= Năm Căn economic zone =

Economic zone in Vietnam

Năm Căn economic zone (Vietnamese: Khu kinh tế Năm Căn) is an economic zone established in 2010s, located in Năm Căn district (Now Năm Căn commune).

==Planning==

Following the passing of Resolution No.66/2010/QĐ on establishing Năm Căn economic zone. As stated, the region has an area covering 11.000 hectares located along the National Route 1A in Nam Can town, Ham Rong commune, Han Vinh and Ong Do hamlet in Dat Moi commune.

The goal of Năm Căn economic zone is to maximize the advantages of natural conditions, geographical location in economical and political trade, international and domestic services, promote the socio-economic development of Cà Mau and the Mekong Delta (Đồng bằng sông Cửu Long) in order to contribute to narrowing the development gap with other areas in the country.

Năm Căn economic zone will be formed from enterprises in the mechanical industry, ship building, machine assembly, electronics, aquatic product processing industry, oil and gas industry and services, garments, building materials, consumer goods production and other auxiliary industries as well as coastal mangrove ecotourism and island tourism, port economy, non-tariff ports and urban zones.

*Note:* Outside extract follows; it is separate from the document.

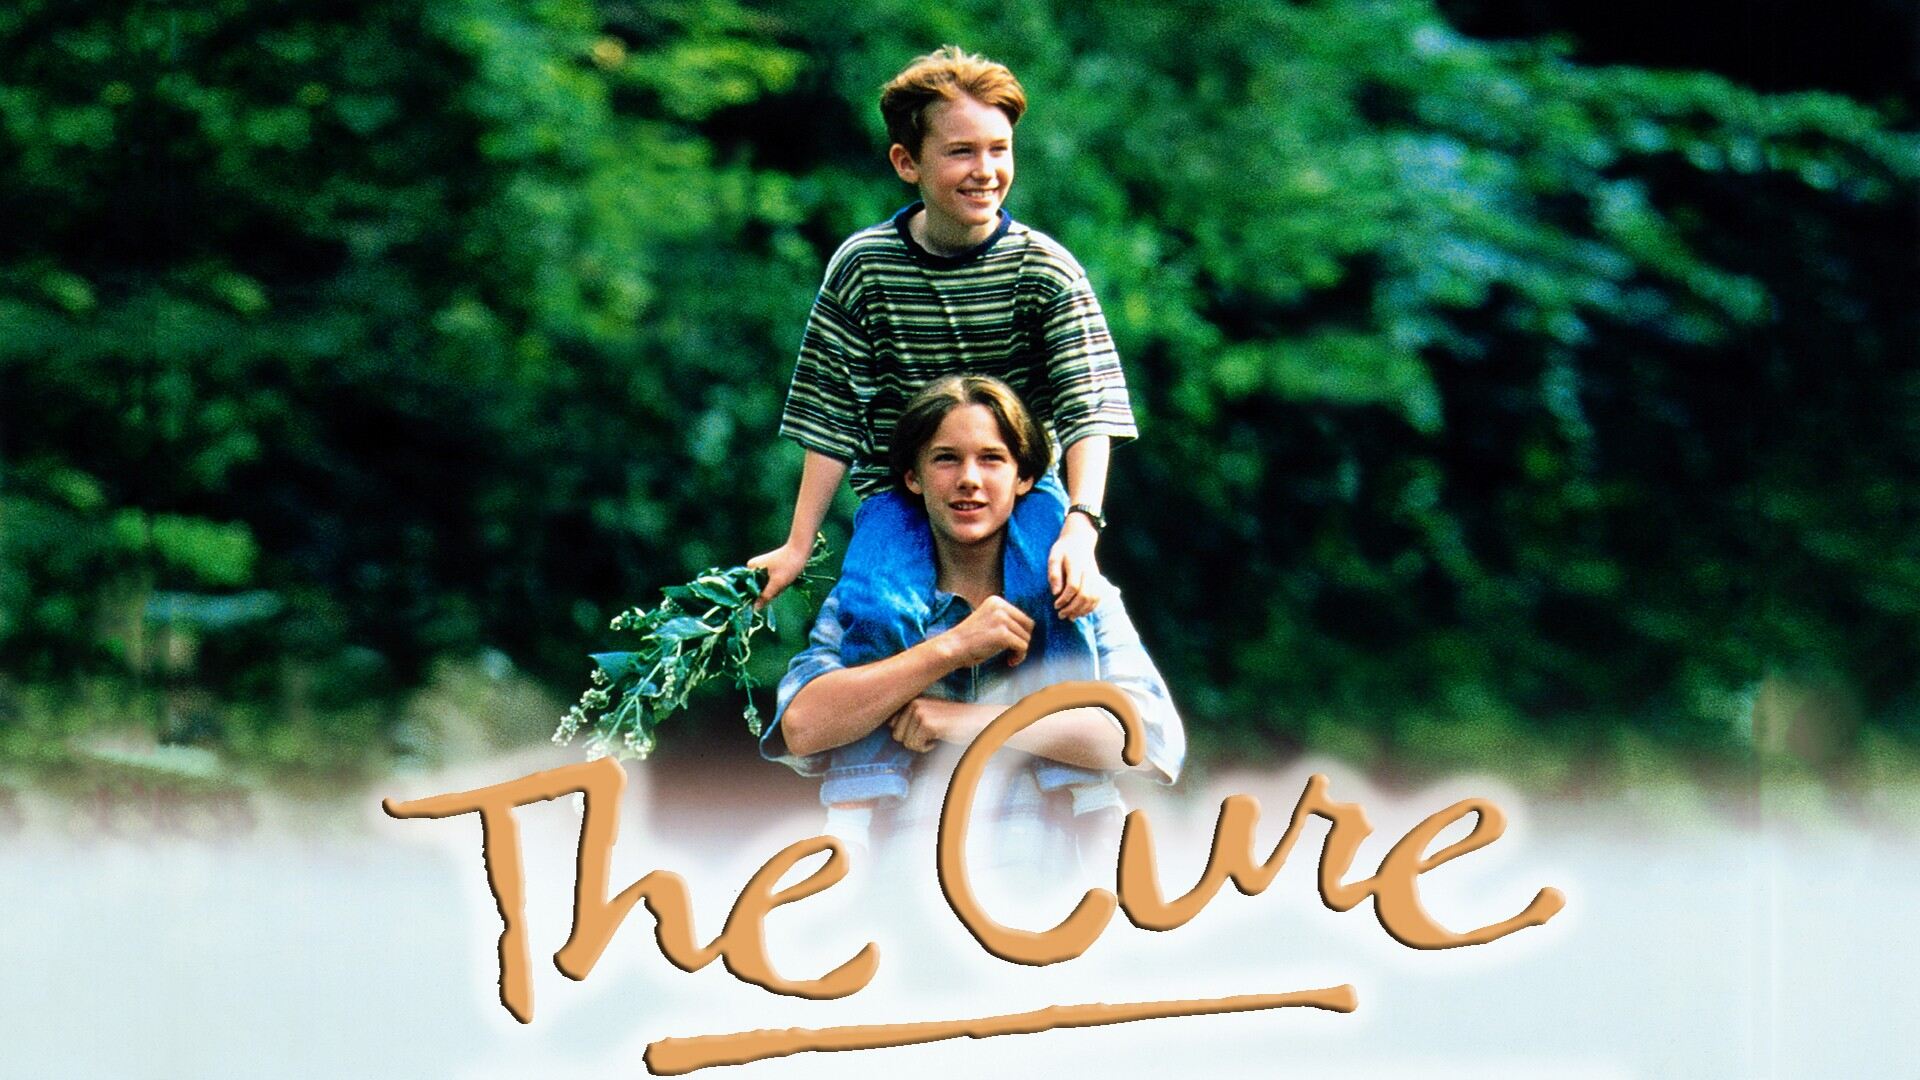 43-facts-about-the-movie-the-cure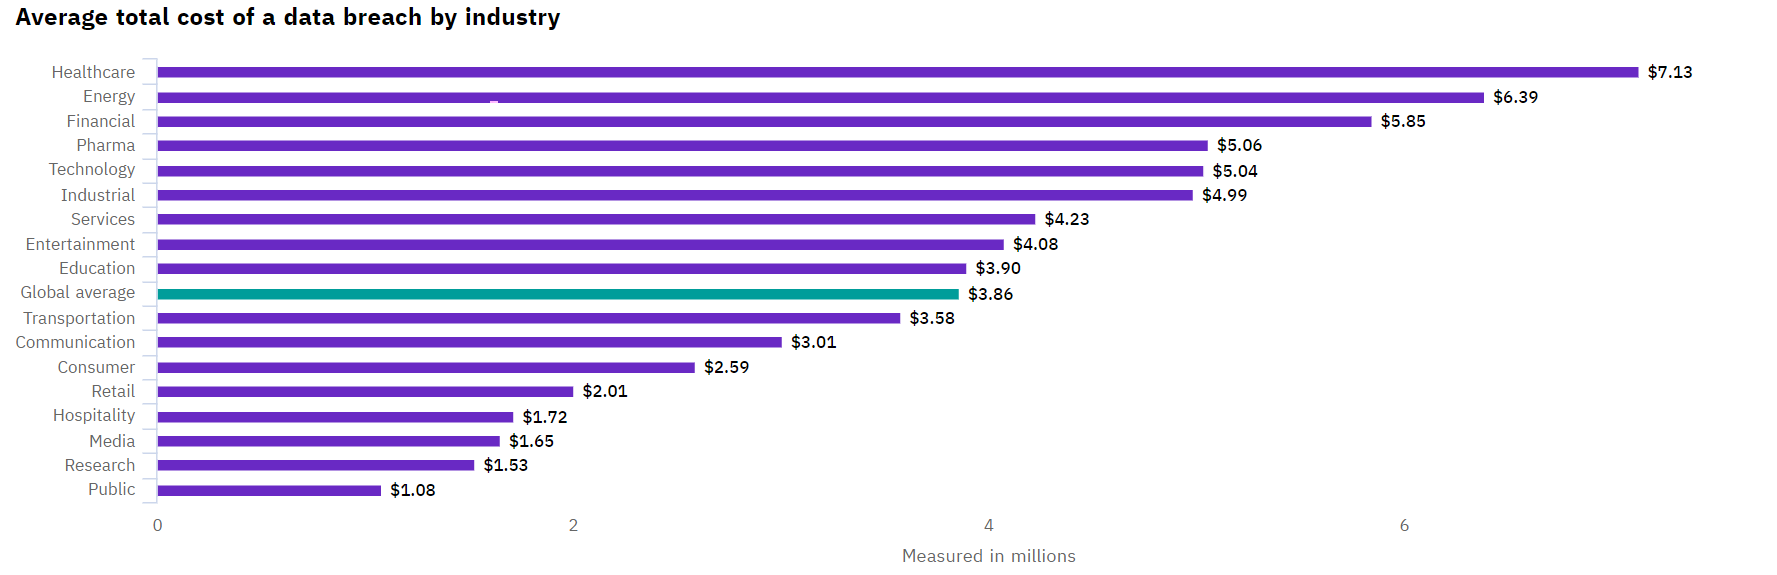 Average total cost of a data breach by industry

The general planning and detailed planning for the construction of functional zones of the economic zone will be completed by the end of 2011. The period of 2012 - 2015 focuses on the construction of economic infrastructure and the period of 2016 - 2020 is the time to complete investment in infrastructure construction, focusing on attracting investment in production and business development.